Korchinsky’s quid pro quo was that the elders agree to protect the land and the wildlife. The elders saw the point. Poaching stopped, and Korchinsky’s small ranger force patrolling the preserve is unarmed, unique in Africa. It’s not a big factory, but the 56 jobs have a substantial multiplier effect in terms of economic benefit in the area, and Korchinsky has made available 5,000 acres, which locals can buy into, at a dollar an acre.
The factory makes high end T-shirts, which is the other end of Korchinsky’s business plan. “Marginal places are where we tolerate wildlife and marginal people. Now we want to connect people here to these marginal places.” Korchinsky’s T-shirts, under his Wildlife Works logo, form the connection. “Brands in modern times have become increasingly disconnected from place, but we want to make people aware of where our T-shirts are made, to connect them with the wildlife and the place.”
Wildlife Works started selling its T-shirts in 2001. “We wanted to say to the consumer, the factory is working, the wildlife is coming back.” And, in fact, the moment poaching stopped, animals started moving over the preserve from one park to another with an alacrity that startled Korchinsky, who says it took only two years for the eco-system, previously ravaged by hunting and charcoal burning, to recover. The elephants came back first, these days, 500 of them, then the lions, of which there are now five prides, and beyond them, leopards, giraffes, wild dogs and, in all, 47 species of large mammal, including four endangered species.
“The idea of a green consumer is an oxymoron. Green people don’t consume. It’s hard to build a business on people who love you and won’t buy your product. We’re after an audience that’s not engaged right now in environmental issues.” And how do you persuade the 20-year-old girl in the mall to buy a Wildlife Works T-shirt? Wildlife Works tries to have point-of-sale signage to tell the story, and has persuaded celebrities like Charlize Theron and Paris Hilton to wear their product. (http://www.wildlifeworks.com)

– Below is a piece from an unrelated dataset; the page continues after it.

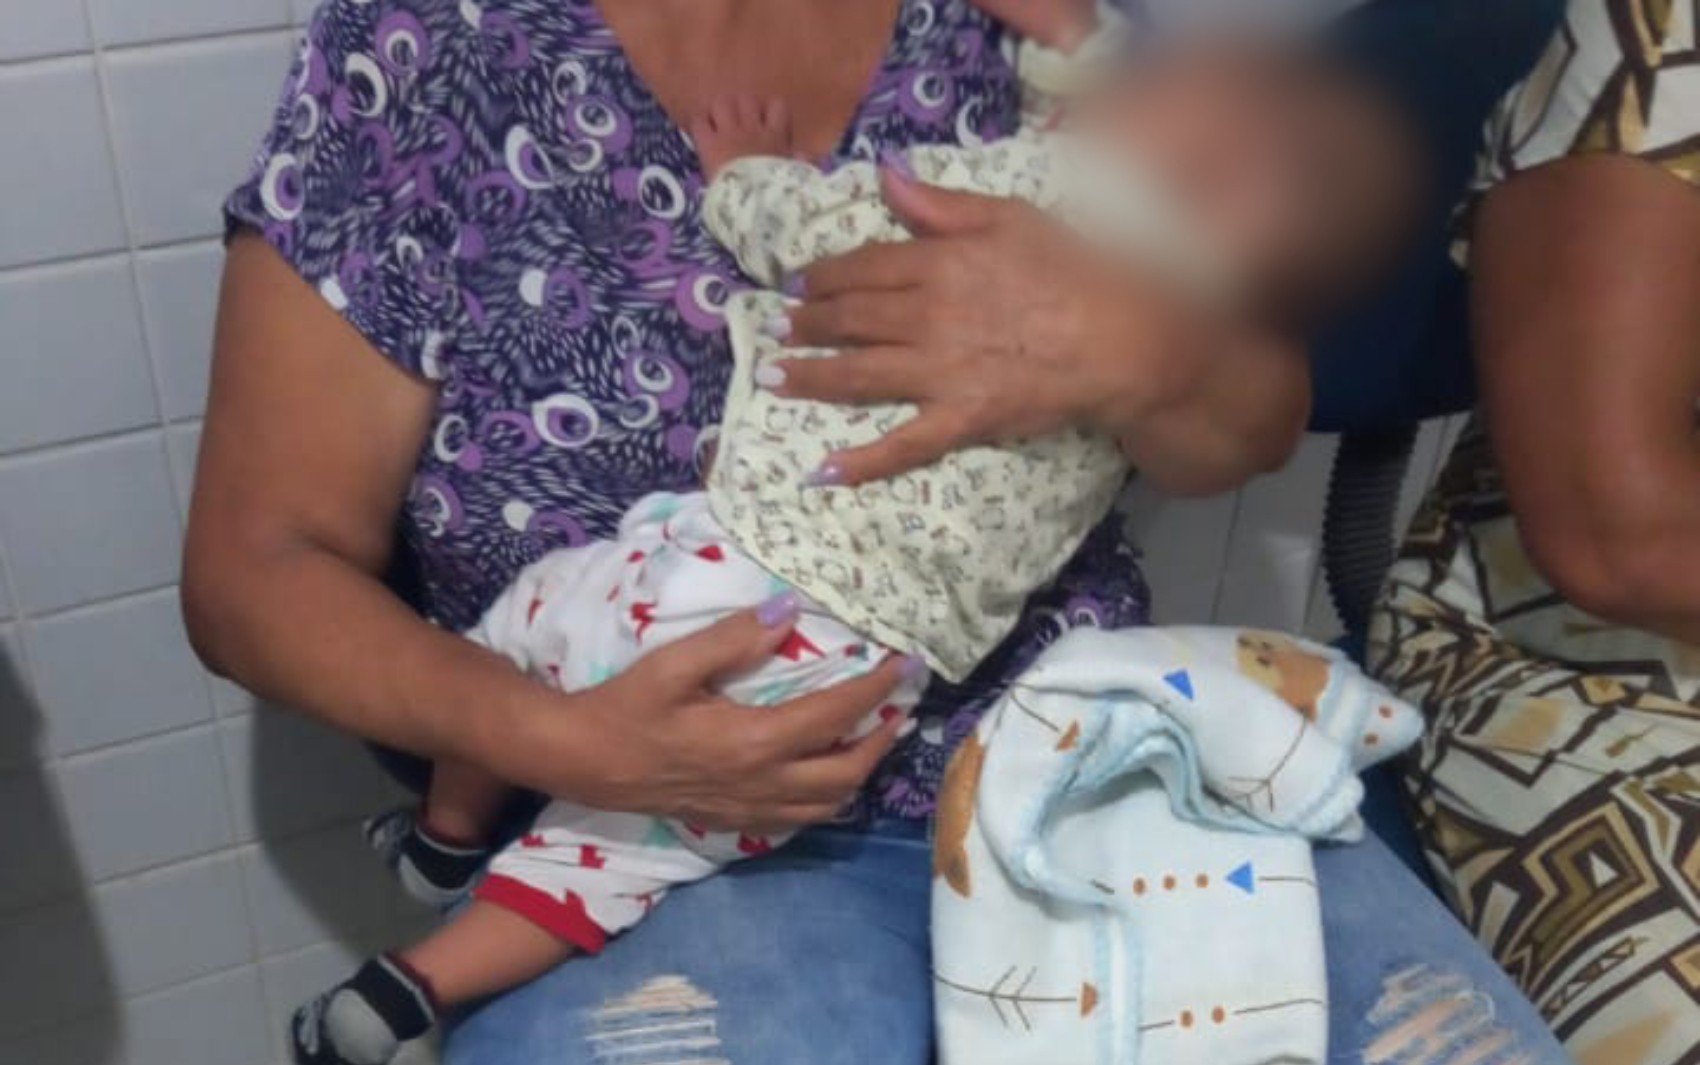 Bebê é abandonado com ferimentos e polícia prende mãe e amiga dela em flagrante

Korchinsky says that the plan called for them to do somewhere between $2.5 and $5 million in sales to support the sanctuary and that he’s “encouraged”. Now he’s trying to get some giant corporations, normally horrified at the idea of reminding consumers where their factories are, to recognize the potential of a positive link between their brand and the place it was made.

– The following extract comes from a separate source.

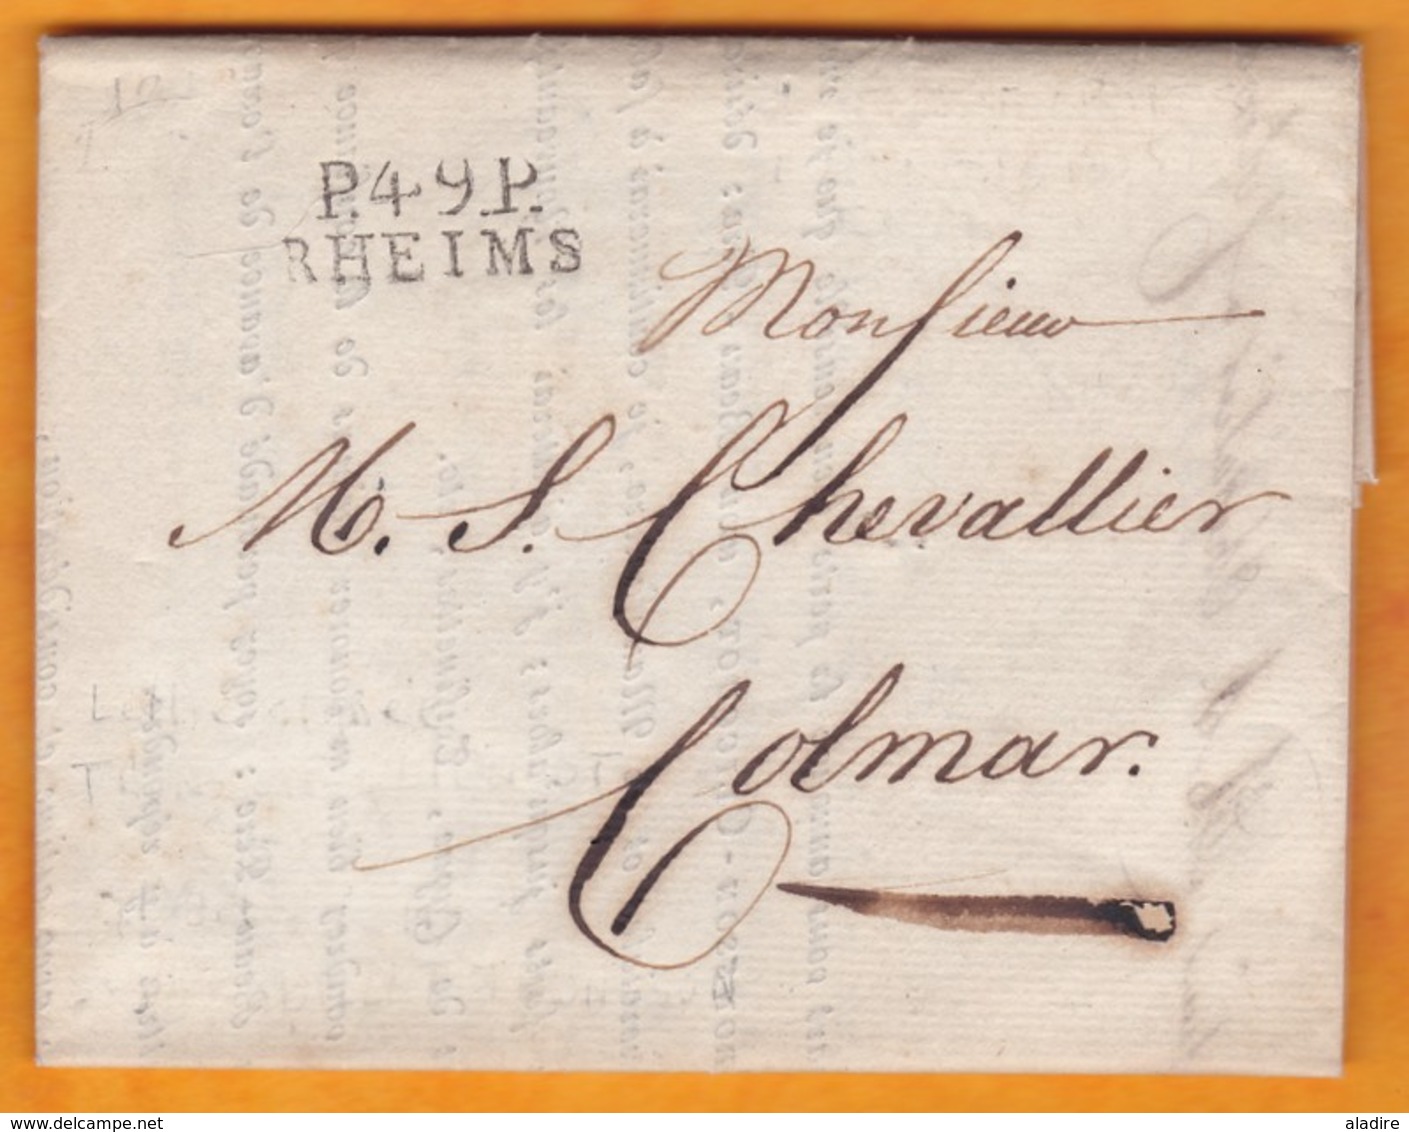 1812 - Marque Postale P49P RHEIMS, Reims, Marne Sur LAC Signée Veuve Cliquot Vers Colmar, Haut Rhin - 1792-1815: Départements Conquis

“I’m not,” he insists, “a person who always thinks the business approach is always the best answer to a problem. In health care or the arts, it’s not.” Can his success be duplicated? That’s hard to say. Korchinsky is a smart man who had the empathy to persuade the elders in the Taita and Duruma tribes that here was someone who could look at conservation with their interests in mind, and not just draw a line in the dirt, put an armed ranger behind it and tell them to Keep Out. That’s no way to sustain anything, but it’s sad how many people think it’s the only solution.